[Work instruction]: Starting with the line below that holds "Harry Potter standing" and stopping after the line that holds "Fun and Fancy", transcribe the lines exactly, leaving out all pictures.

[Provided entries]:
☆ ☆ ☆ ☆

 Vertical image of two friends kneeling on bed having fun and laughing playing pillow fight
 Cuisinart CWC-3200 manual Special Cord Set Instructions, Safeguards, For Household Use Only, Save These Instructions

☆ ☆ ☆ ☆

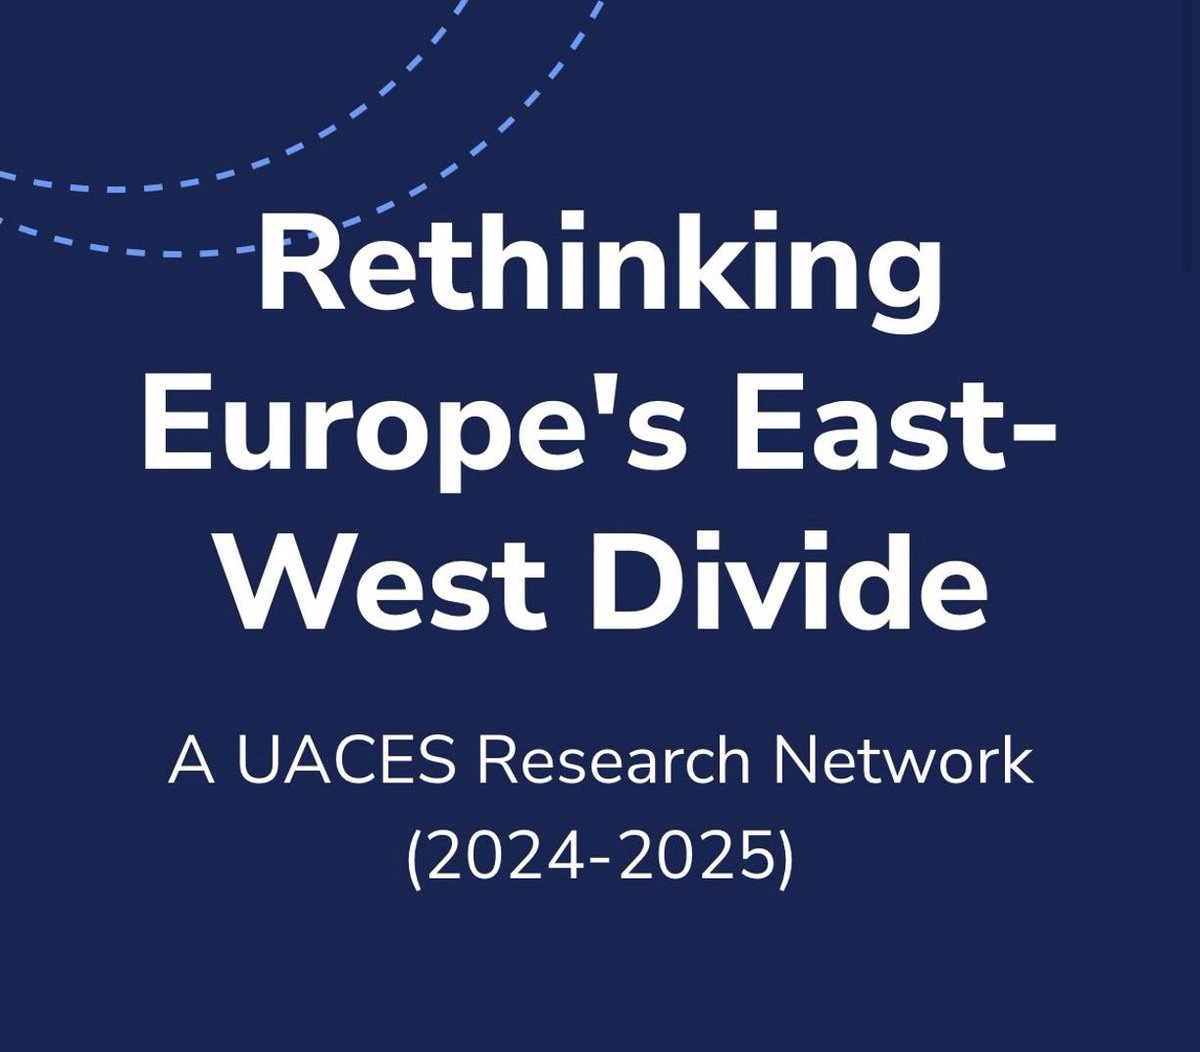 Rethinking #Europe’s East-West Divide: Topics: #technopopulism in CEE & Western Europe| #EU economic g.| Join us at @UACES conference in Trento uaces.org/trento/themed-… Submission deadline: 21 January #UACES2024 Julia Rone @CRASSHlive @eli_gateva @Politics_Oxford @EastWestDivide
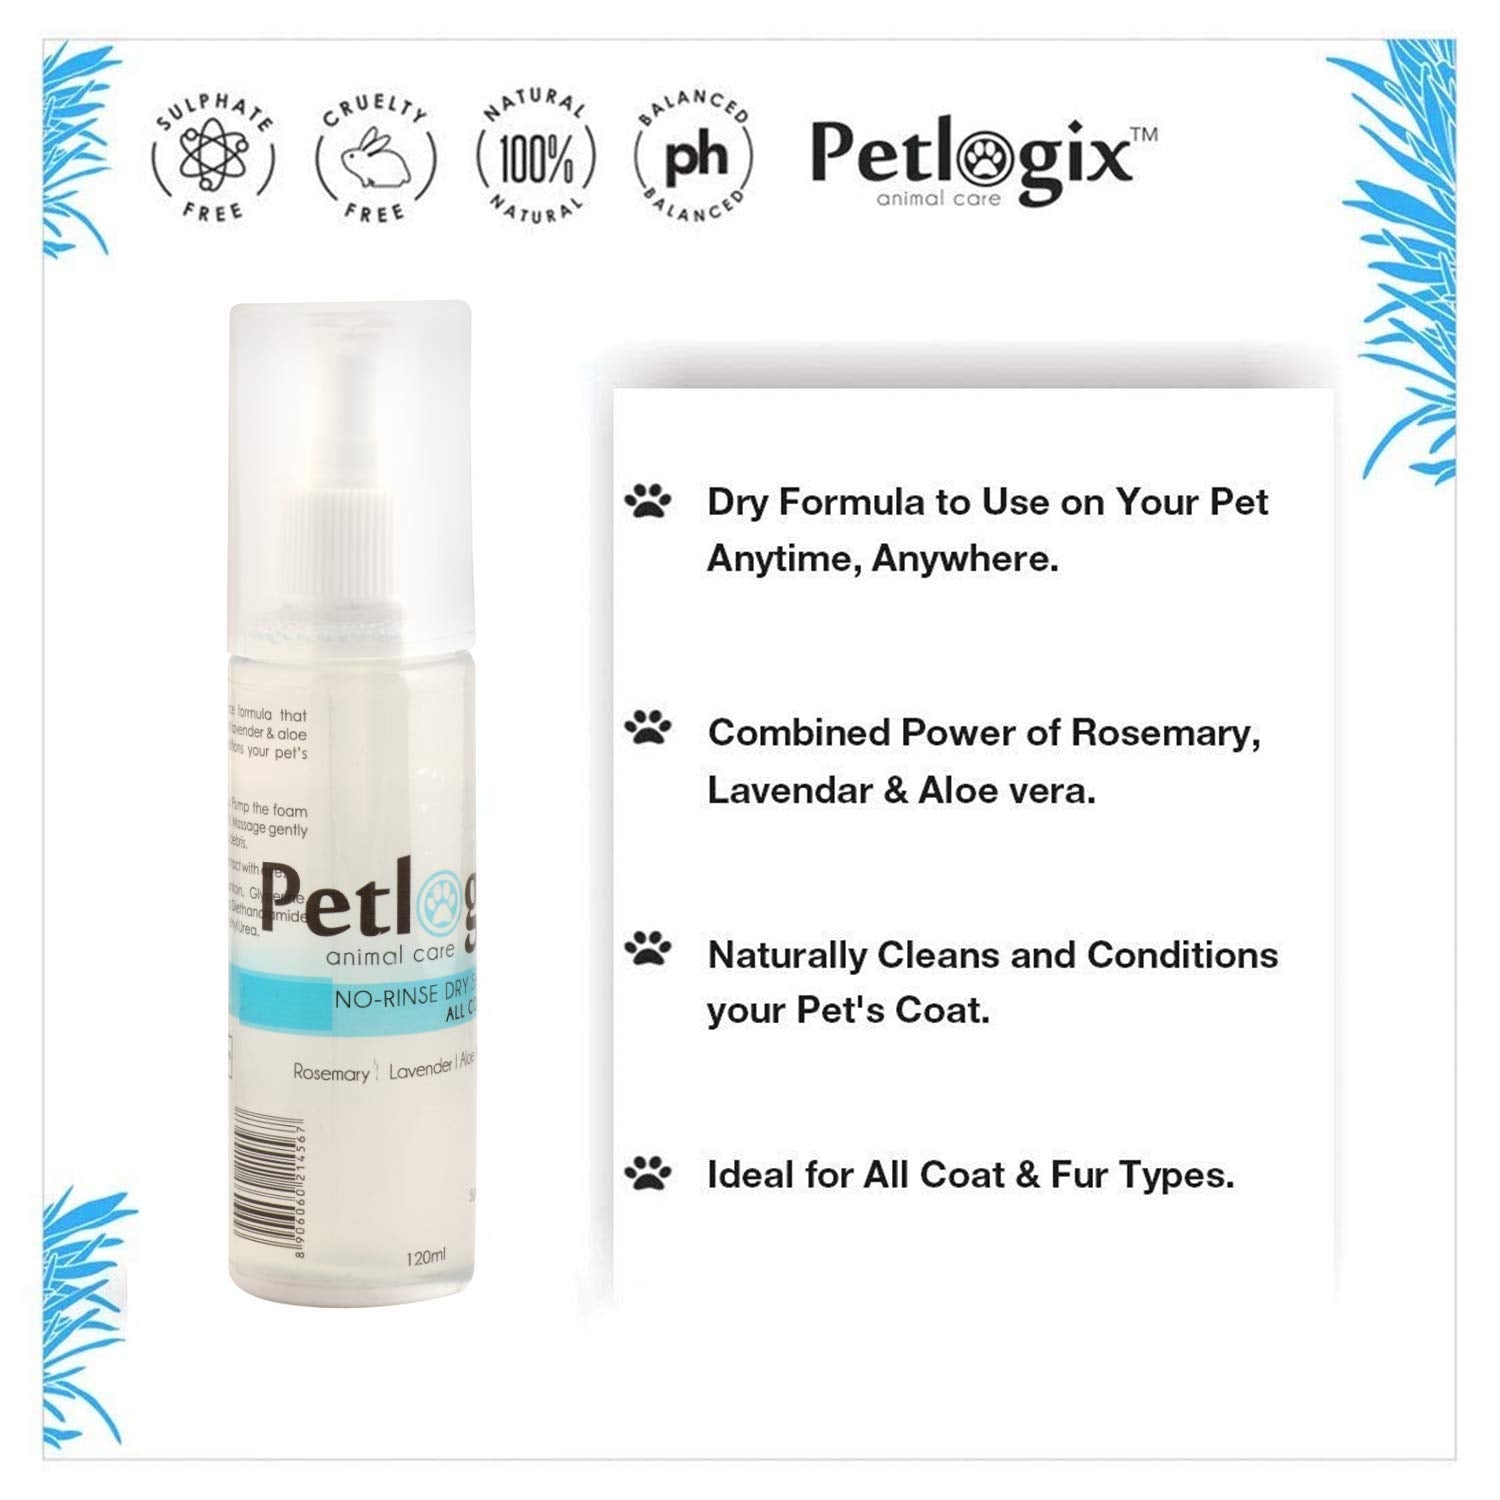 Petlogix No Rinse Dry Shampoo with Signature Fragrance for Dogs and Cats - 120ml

☆ ☆ ☆ ☆

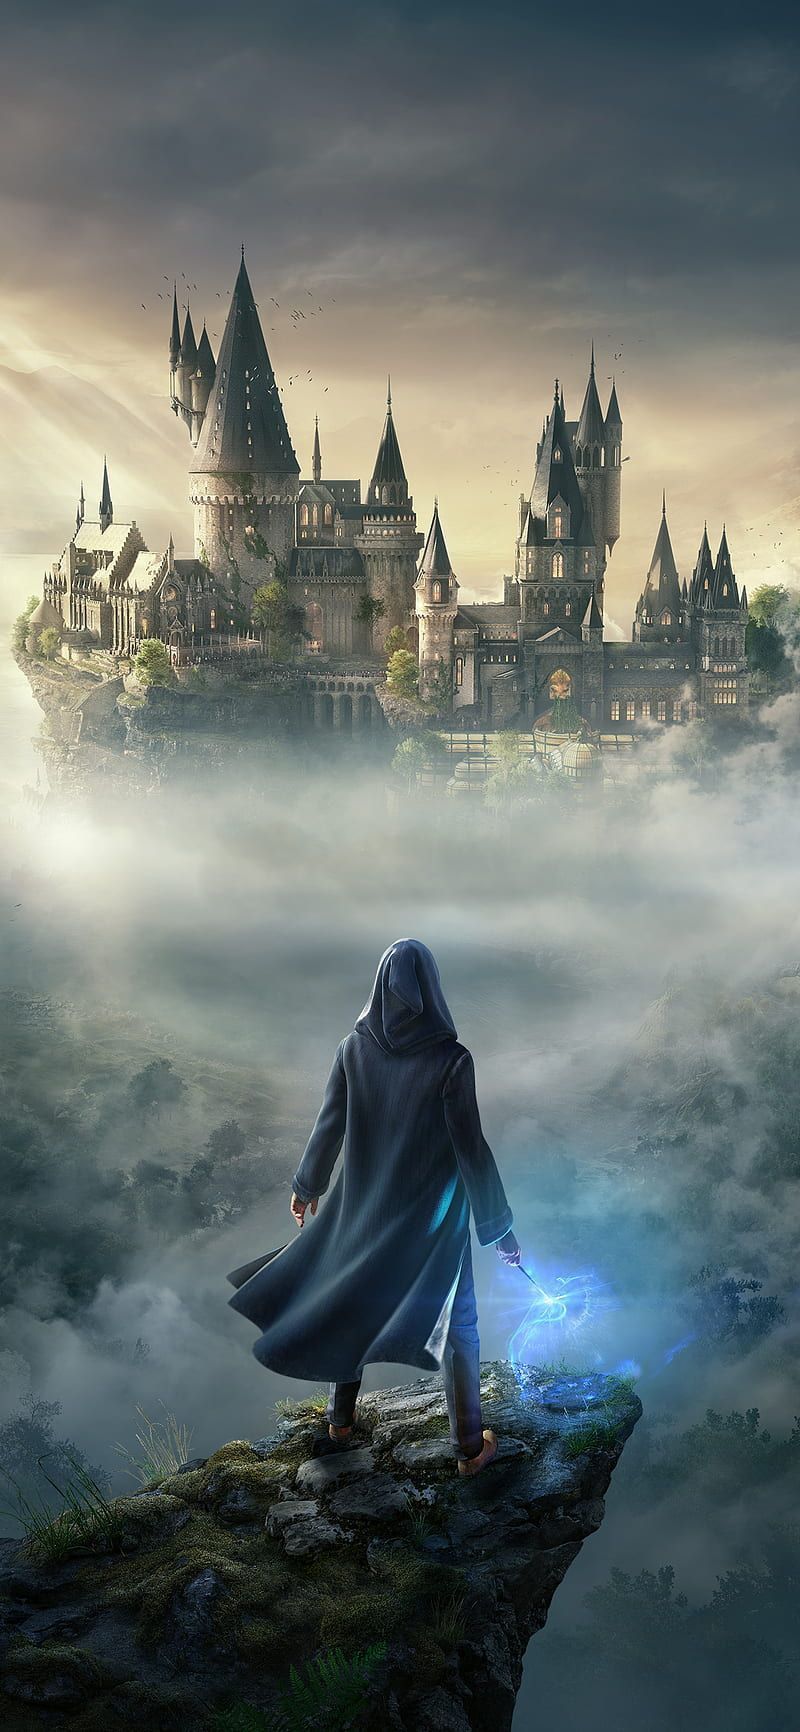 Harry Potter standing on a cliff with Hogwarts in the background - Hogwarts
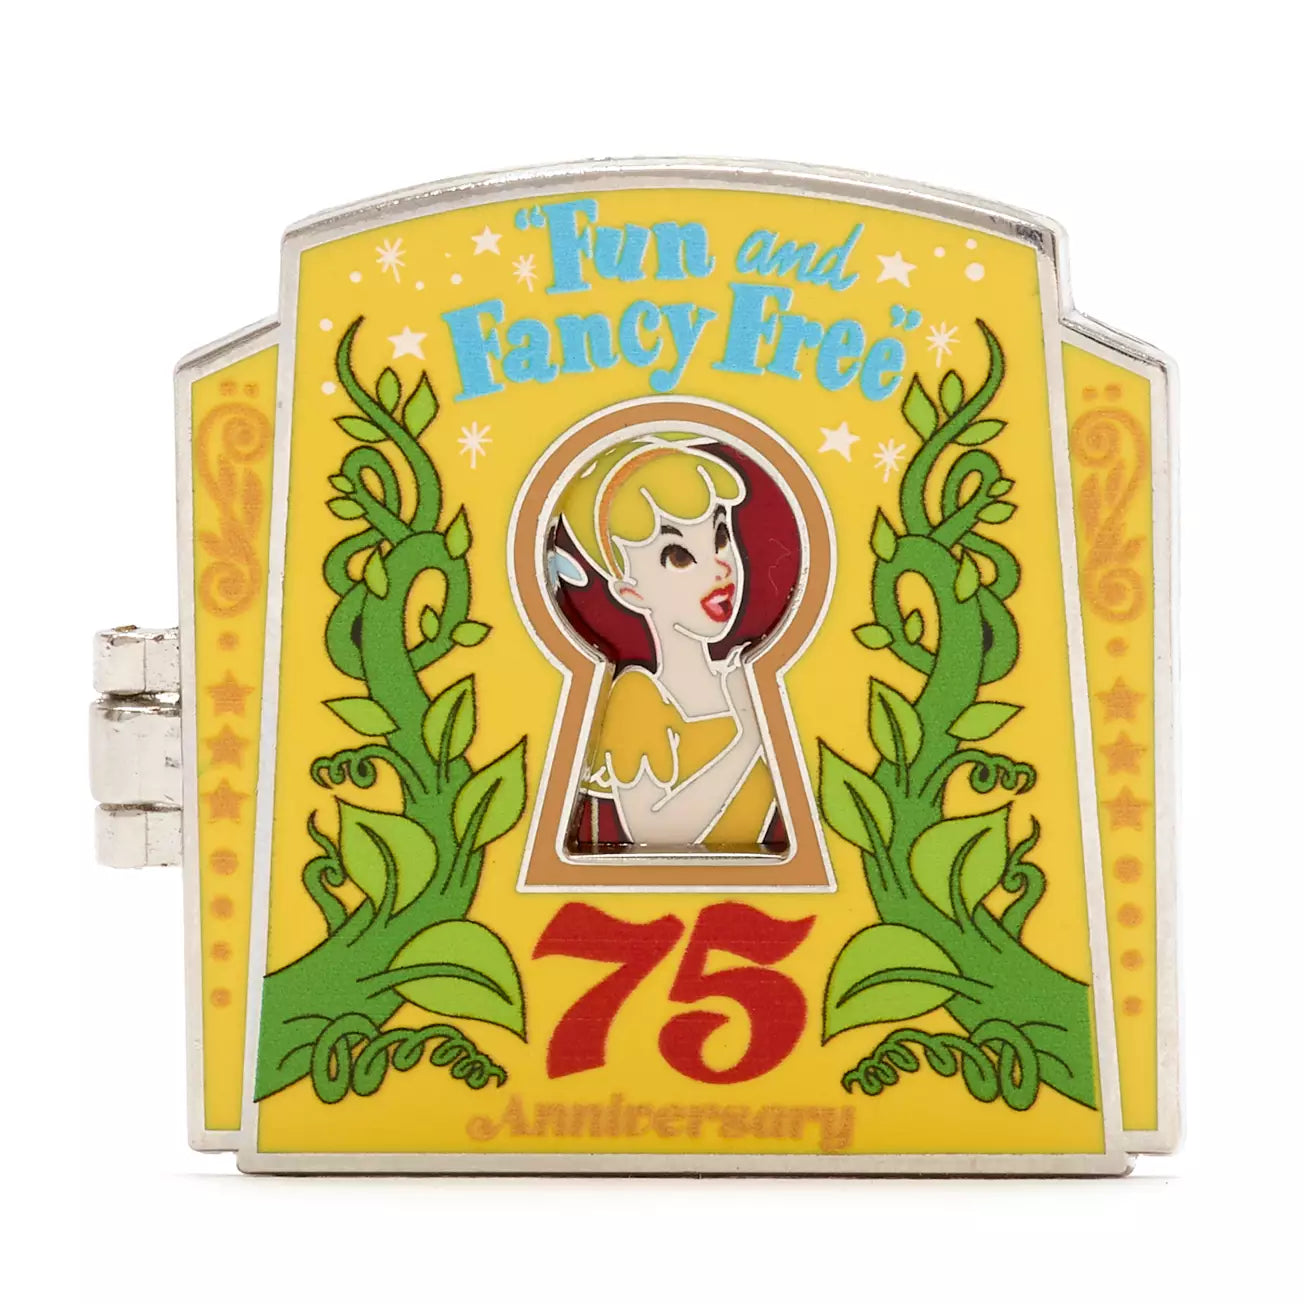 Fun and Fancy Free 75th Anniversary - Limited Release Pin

☆ ☆ ☆ ☆

[Final answer]:
 Harry Potter standing on a cliff with Hogwarts in the background - Hogwarts
 Fun and Fancy Free 75th Anniversary - Limited Release Pin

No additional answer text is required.